292. Telegram From the Embassy in Vietnam to the Department of State1
340. CINCPAC for POLAD. Herewith report on my private talk with Diem which lasted from 5 to 7:10 pm.
He began by expressing particular appreciation for President Kennedy’s personal letter introducing me which he said he had carefully read.2 He was pleased to have someone like me as Ambassador who was out of American public life.
I said that it had been a particular honor for me when the President had offered me the post of Ambassador to Vietnam and had thought I could be useful in it. I realized I knew little about Vietnam, but felt I knew something about the United States and also something about the United Nations and hoped I might advise him on American affairs and that he would listen to my advice whether or not he took it.
I said that the United States Government, as the term is used in foreign affairs, does not include Congress and that in the broad sense it is impossible to hook the United States of America because public opinion is essential to any long range policy and without the support of public opinion you can not get the support of Congress and without the support of Congress you can not get funds. It was interesting to me that people whom I had known all my life in politics thought that Madame Nhu was the Chief of State of Viet-Nam and that I had met several people in Massachusetts who had seen her picture on the covers of magazines and had read some of her statements about barbecuing the priests and total destruction of the Buddhists and that this had shocked public opinion. The idea that the government was persecuting the Buddhists was also shocking to American opinion which favors religious toleration. All these things were threatening American support of Viet-Nam.

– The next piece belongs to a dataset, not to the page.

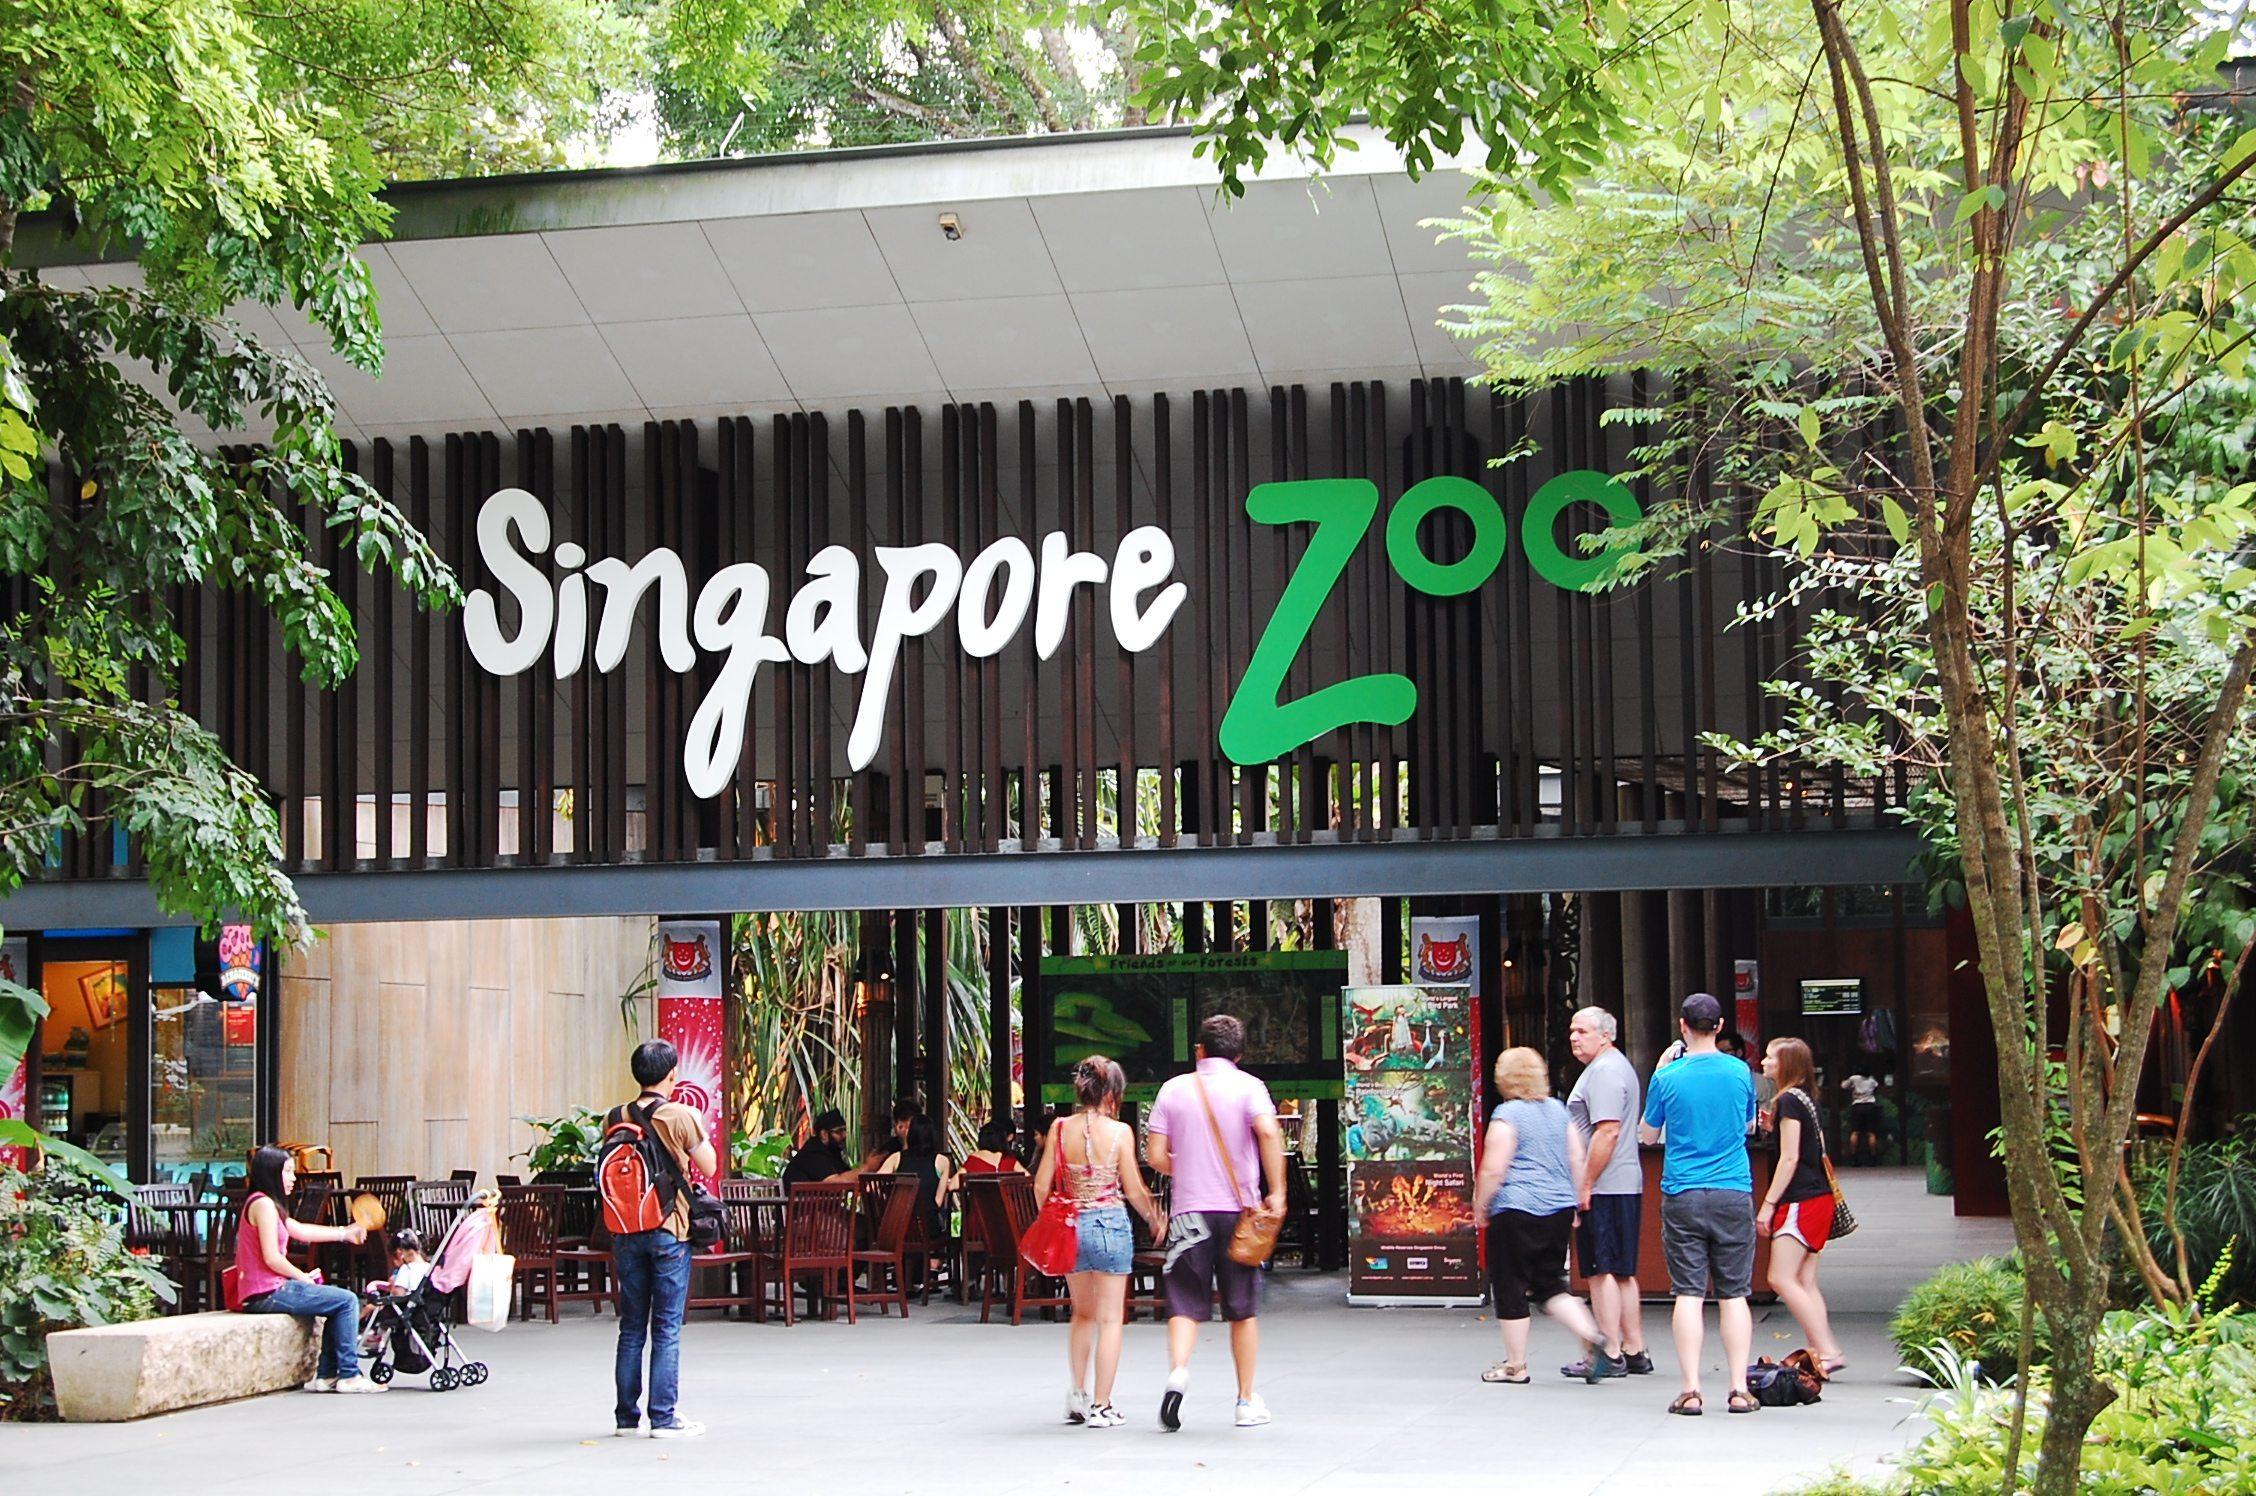 Singapur Hayvanat Bahçesi'nde en iyi 10 aktiviteleri

Diem said that he had done his best to get Madame Nhu to keep quiet and that he had spoken to her several times. He said jokingly that he had even threatened to take a wife but that she said that she was a member of the Assembly and had a right to make speeches.
[Page 645]I told him that a dramatic gesture such as liberating the Buddhist prisoners would have a good effect on American opinion. He said he had liberated most of them and to prove in [the]point that Buddhists were small percentage of population gave me book which I am pouching entitled “Buddhism in Viet-Nam”3 published by the Xa Loi Pagoda in Saigon which states “under the General Buddhist Association’s authority and general direction, are grouped, on the one hand, 3 sanghas numbering well over 3,000 monks and about 600 nuns, on the other hand, three communities of disciples which branch out their ramification as far as to remote hamlets. The figures of adherents to these three legally constituted lay associations and their affiliates reach about 1,000,000, to which it should be added an important number of non-associate disciples by as much as threefold.”
The next two hours were spent by him in a remarkable discourse about his own family and extent to which Viet-Nam was an underdeveloped country. The serious lack of educated people, the difficulty which he had in finding people who could write a simple statement for him, how he had to write most of his own proclamations himself, how inferior persons held posts in universities who abused their trust by turning educational institutions into centers of unrest.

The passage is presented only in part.